这段输出是使用 lmtest 包中的 coeftest 函数对有序 Logit 模型进行的系数显著性检验。它为每个变量提供了精确的 $p$ 值，让我们能更科学地判断变量是否“入流”。

1.3.1 代码与参数解释

coeftest(ologit)：该函数的主要作用是计算模型系数的** $z$ 检验**（输出中标记为 $t$ test，但在大样本逻辑回归中通常遵循正态分布）。
对比 summary：之前的 summary(ologit) ==默认不提供 $p$ 值==，只给 $t$ 值。coeftest 补齐了这一环，方便直接判断变量是否在统计学上显著。

1.3.2 输出解读

表格中的四列数据分别对应：

Estimate (估计值)：系数的大小和方向。
Std. Error (标准误)：系数估计的不确定性。
t value ($z$ 统计量)：系数除以标准误。绝对值越大，越不可能为零。
Pr(>|t|) ($p$ 值)：这是核心。它代表“如果该变量实际没影响，我们观测到当前结果的概率”。

1.3.3 变量表现

ia83 (0.002059 **)： $p$ 值远小于 0.01。这意味着在 1% 的显著性水平下，公司的“赚钱效率”对债券评级有极显著的正向影响。
dia (0.056977 .)： $p$ 值略大于 0.05，但小于 0.1。这意味着它在 5% 的水平下不显著，但在 10% 的水平下是显著的。在严谨的学术报告中，这通常被称为“边际显著（Marginally Significant）”。
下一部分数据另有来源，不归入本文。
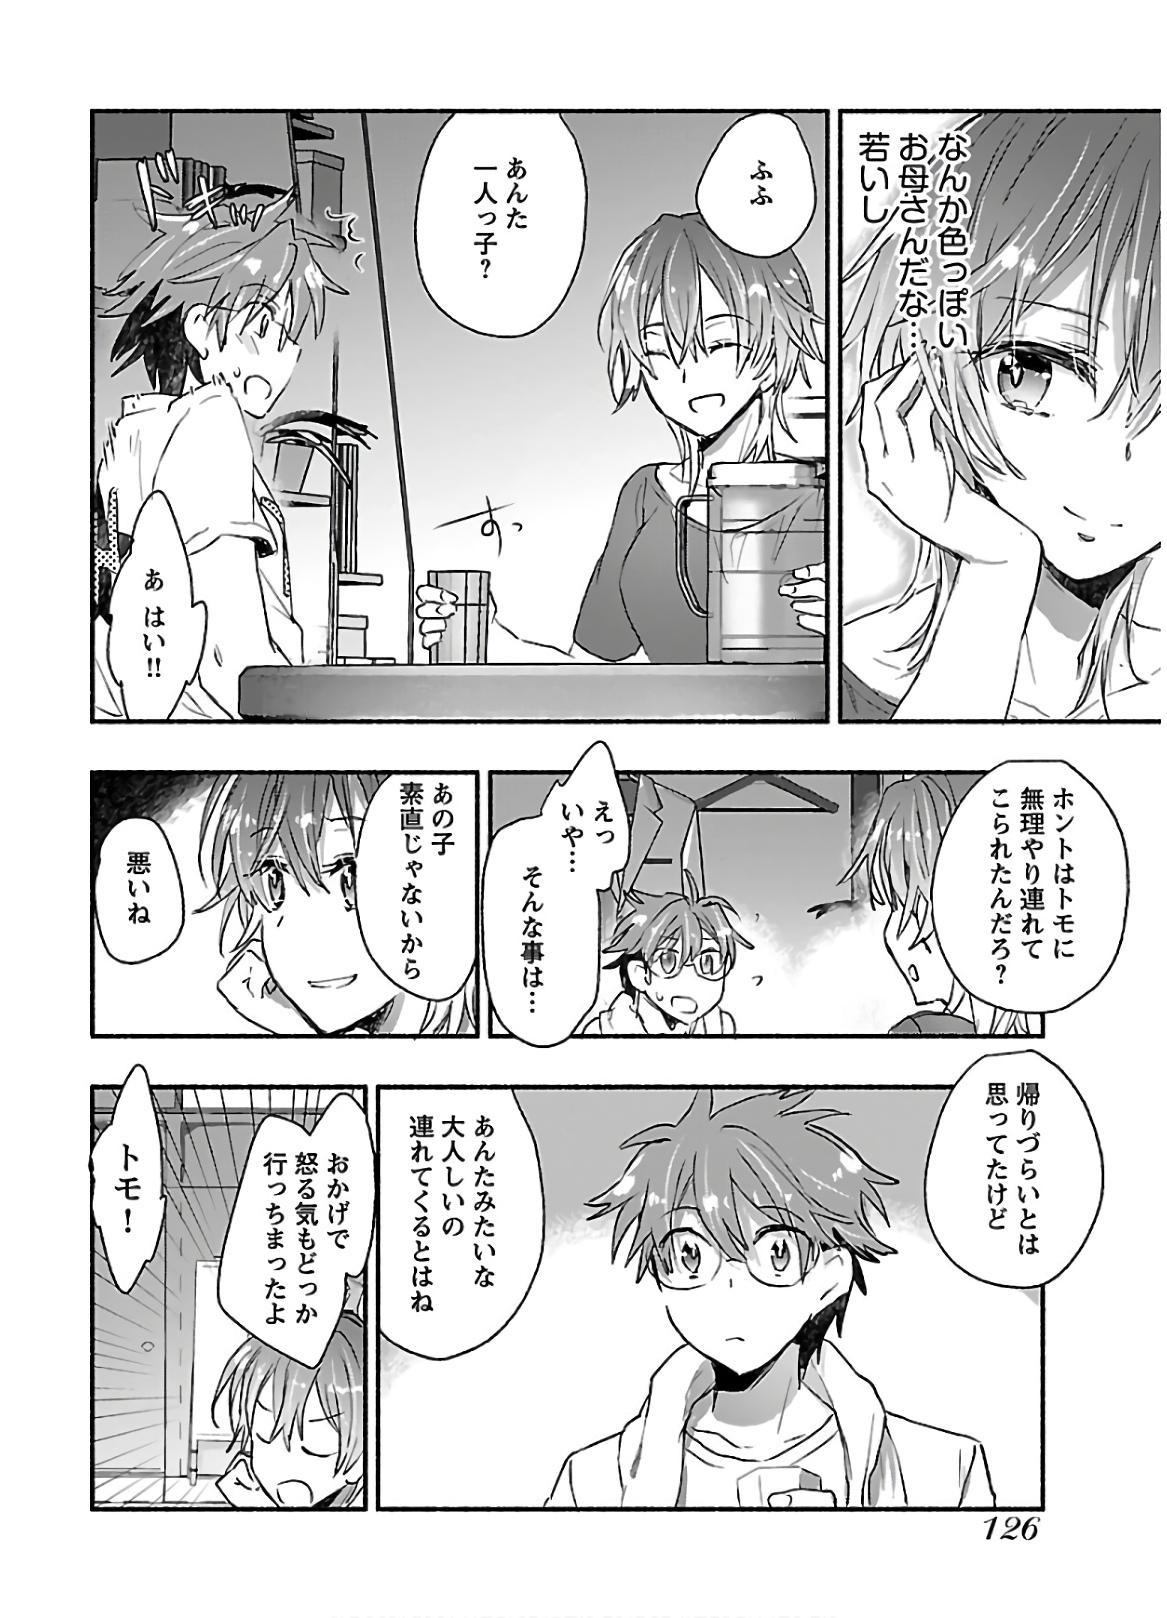 Yankii musume ni natsukarete kotoshi mo juken ni shippai shisou desu  vol.1 127

1.3.4 显著性代码（Signif. codes）注释

R 语言用小符号直观标注了显著程度：

**：代表极显著（$p < 0.01$）。
.：代表勉强显著或趋势性显著（$p < 0.1$）。
如果没有符号：代表在统计上与零没有区别（不显著）。

1.3.5 现实意义小结

通过这组检验，我们可以确信：

“赚钱效率 (ia83)” 是评级机构打分的铁证，绝对不容忽视。而 “赚钱能力的变动 (dia)” 虽然有一定的负向趋势，但在数据证据上还没有达到“板上钉钉”的程度（未过 0.05 门槛）。

1.4 b) Are `ia83` and `dia` jointly significant?
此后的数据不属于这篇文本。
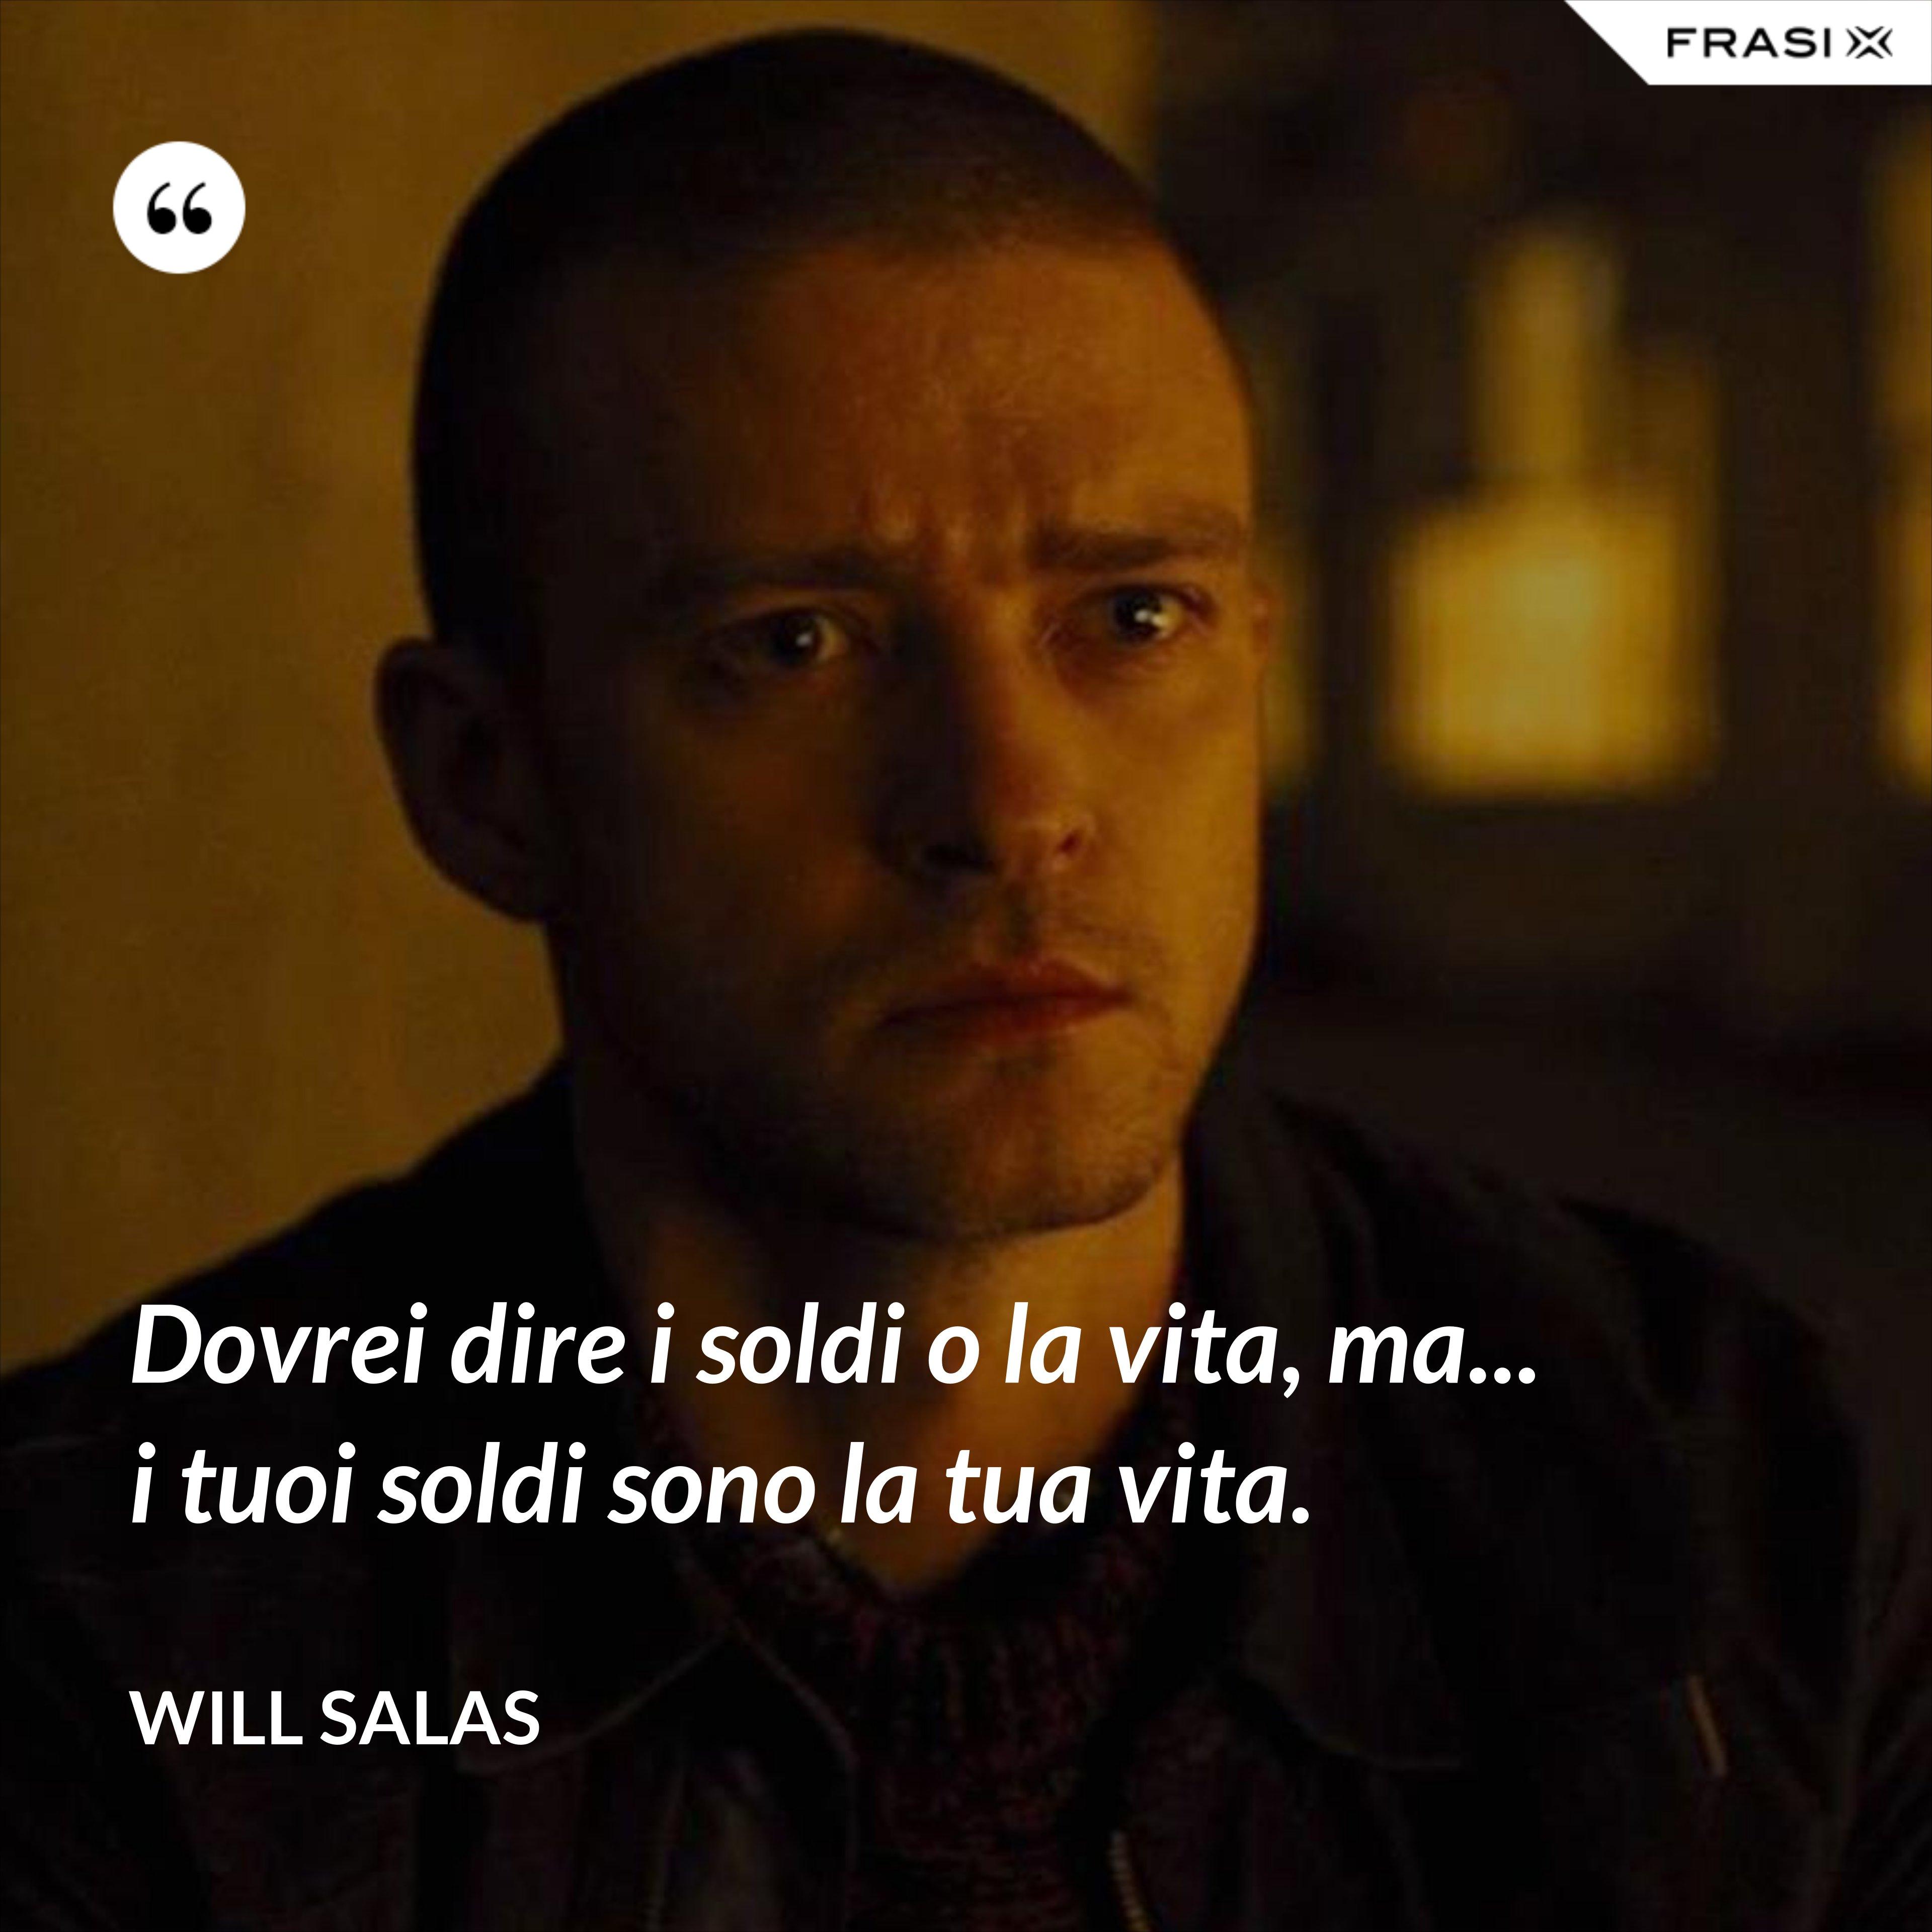 Dovrei dire i soldi o la vita, ma... i tuoi soldi sono la tua vita. - Will Salas

# Are \texttt{ia83} and \texttt{dia} jointly significant?
# Likelihood ratio test
ologit.restricted <- polr(as.factor(rr) ~ 1, data = rat)
lrtest(ologit, ologit.restricted)

## Likelihood ratio test
## 
## Model 1: as.factor(rr) ~ ia83 + dia
## Model 2: as.factor(rr) ~ 1
##   #Df  LogLik Df  Chisq Pr(>Chisq)   
## 1   5 -127.27                        
## 2   3 -133.04 -2 11.542   0.003117 **
## ---
## Signif. codes:  0 '***' 0.001 '**' 0.01 '*' 0.05 '.' 0.1 ' ' 1

这段输出展示了对 ia83 和 dia 进行的联合显著性检验（Joint Significance Test），通常使用似然比检验（Likelihood Ratio Test, LRT）。

1.4.1 代码与参数解释

ologit.restricted：这是一个受限模型（Restricted Model）。它只包含截距项（~ 1），不包含任何自变量。其假设（原假设 $H_0$）是：ia83 和 dia 的系数均为 0。
lrtest(ologit, ologit.restricted)：该函数比较“全模型”（包含自变量）与“受限模型”的对数似然值（Log-Likelihood）。它判断增加这两个自变量是否显著提升了模型的解释能力。

1.4.2 输出解读

LogLik (对数似然值)：
- 模型 1（全模型）：-127.27
- 模型 2（仅截距）：-133.04
- 逻辑：全模型的对数似然值更大（更接近 0），说明拟合效果更好。
Chisq (卡方统计量)：数值为 11.542。这是通过计算两个模型对数似然值差异的两倍得到的：$LR = 2 \times (-127.27 - (-133.04))$。
Df (自由度)：差异为 2。因为全模型比受限模型多了两个参数（ia83 和 dia）。
Pr(>Chisq) ($p$ 值)：数值为 0.003117。

1.4.3 结论

由于 $p$ 值（0.0031）远小于常用的显著性水平 0.01，我们拒绝原假设。

1.4.4 现实意义

这意味着 ia83（赚钱效率）和 dia（效率变化）联合起来对债券评级具有显著的影响。即使在之前的单项检验中 dia 表现一般，但作为一个财务特征组合，它们共同显著地改善了模型对企业信用状况的预测能力。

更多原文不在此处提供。